Of course, oceans of ink have already been spilled on this, so I will stop now and suggest just a few additional resources and tidbits:

1. My post on How To Do Statistics

2. Steve Heard's Defence of the P value

3. Dan Bolnick's coding error that made a P value significant when it wasn't that then led to a paper retraction. (The picture might show the moment he realized his P value was wrong.)

I agree with almost all of this. However, I disagree with this:

ReplyDelete"Ever see a paper that calculates P values for a parameter in a simulation model? As the parameter is always (by the mechanics of a model) having an effect, a P value simply reflects how many simulations you have run. Want your parameter to be significant - simply run more replicates of your simulations until it becomes so."

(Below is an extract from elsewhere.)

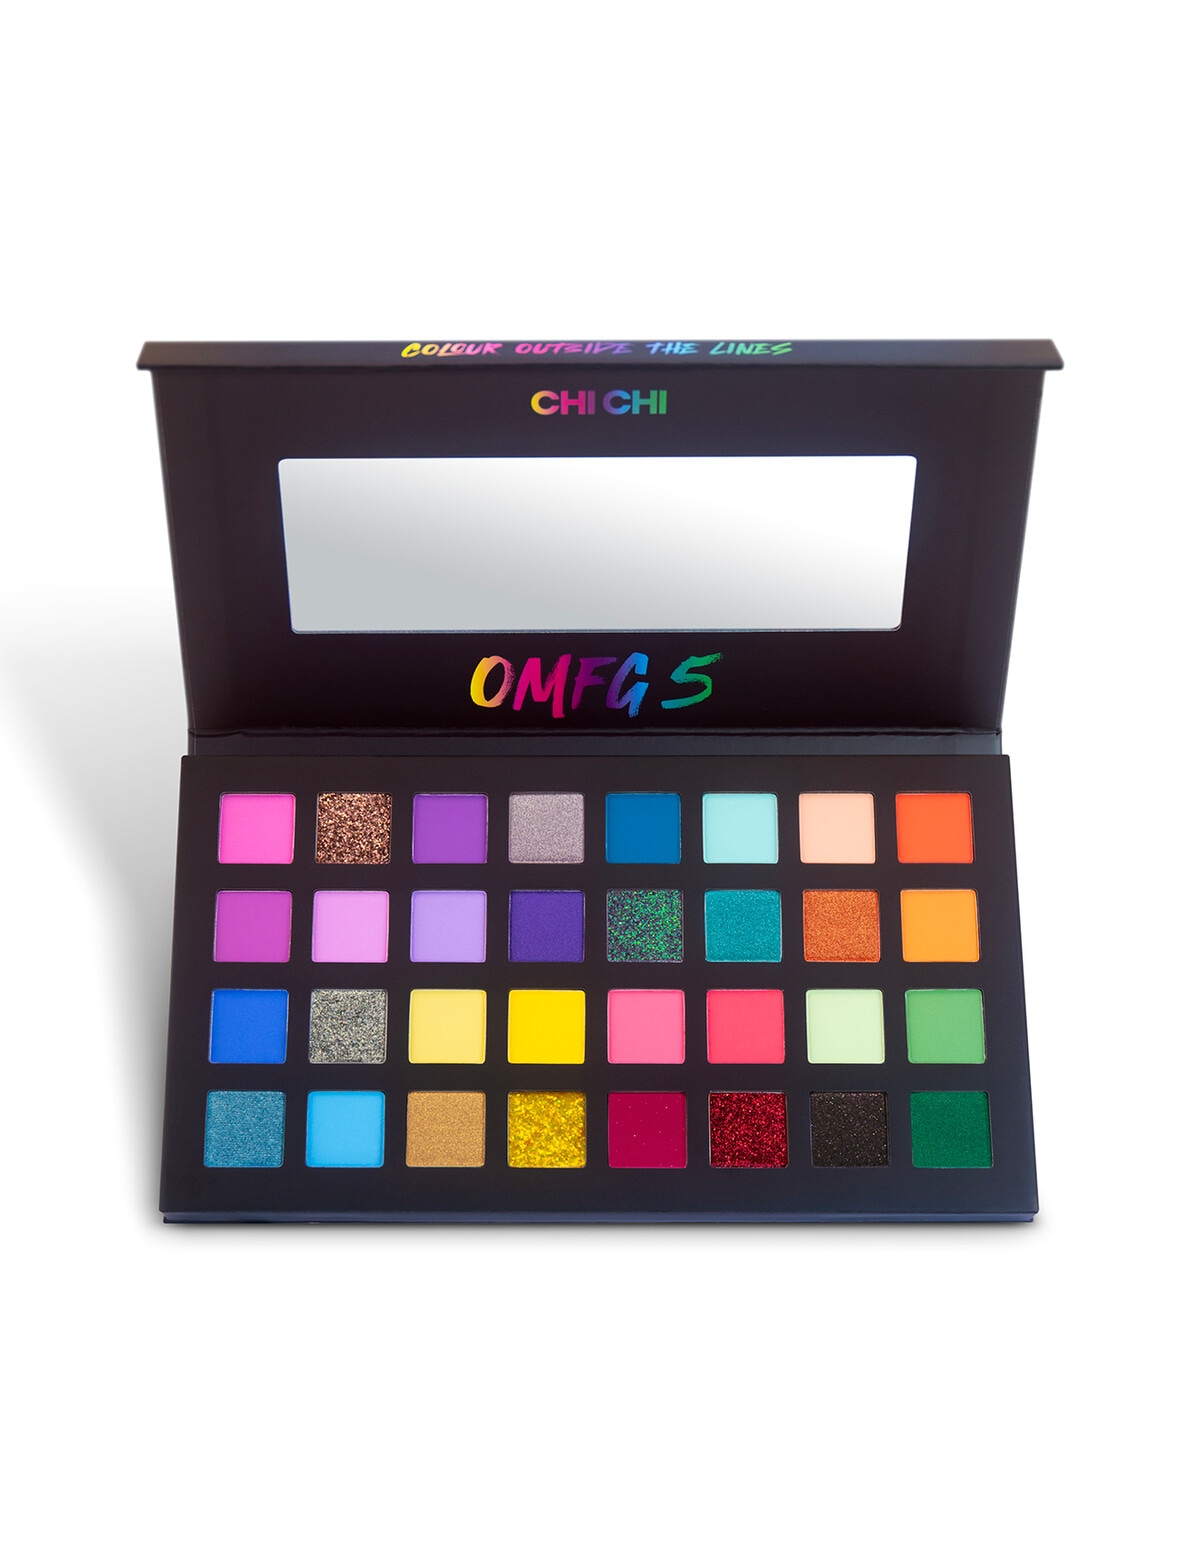 Chi Omfg 5 Palette 32 Shades Eyes

It can be the case that one does not know in advance whether a given parameter will have an effect in a simulation model. If you're writing a model just to demonstrate an effect that you already know exists, then yes, your point is valid. But if you're writing a model to find out whether a hypothesized effect exists or not, and the model is not written in such a way as to guarantee that the effect exists, then I don't see anything wrong with using a p-value to see whether or not the effect does, in fact, exist – and increasing the number of replicates will not magically make a parameter that in fact has no effect look like it does have an effect. I think a better point to make with respect to simulations is: If a given parameter *does* have any effect at all, no matter how tiny, you will be able to bring out that effect as "significant" by cranking up the number of replicates, but that doesn't mean the effect is *important*. So after finding a significant effect, the next step should always be an assessment of the effect size.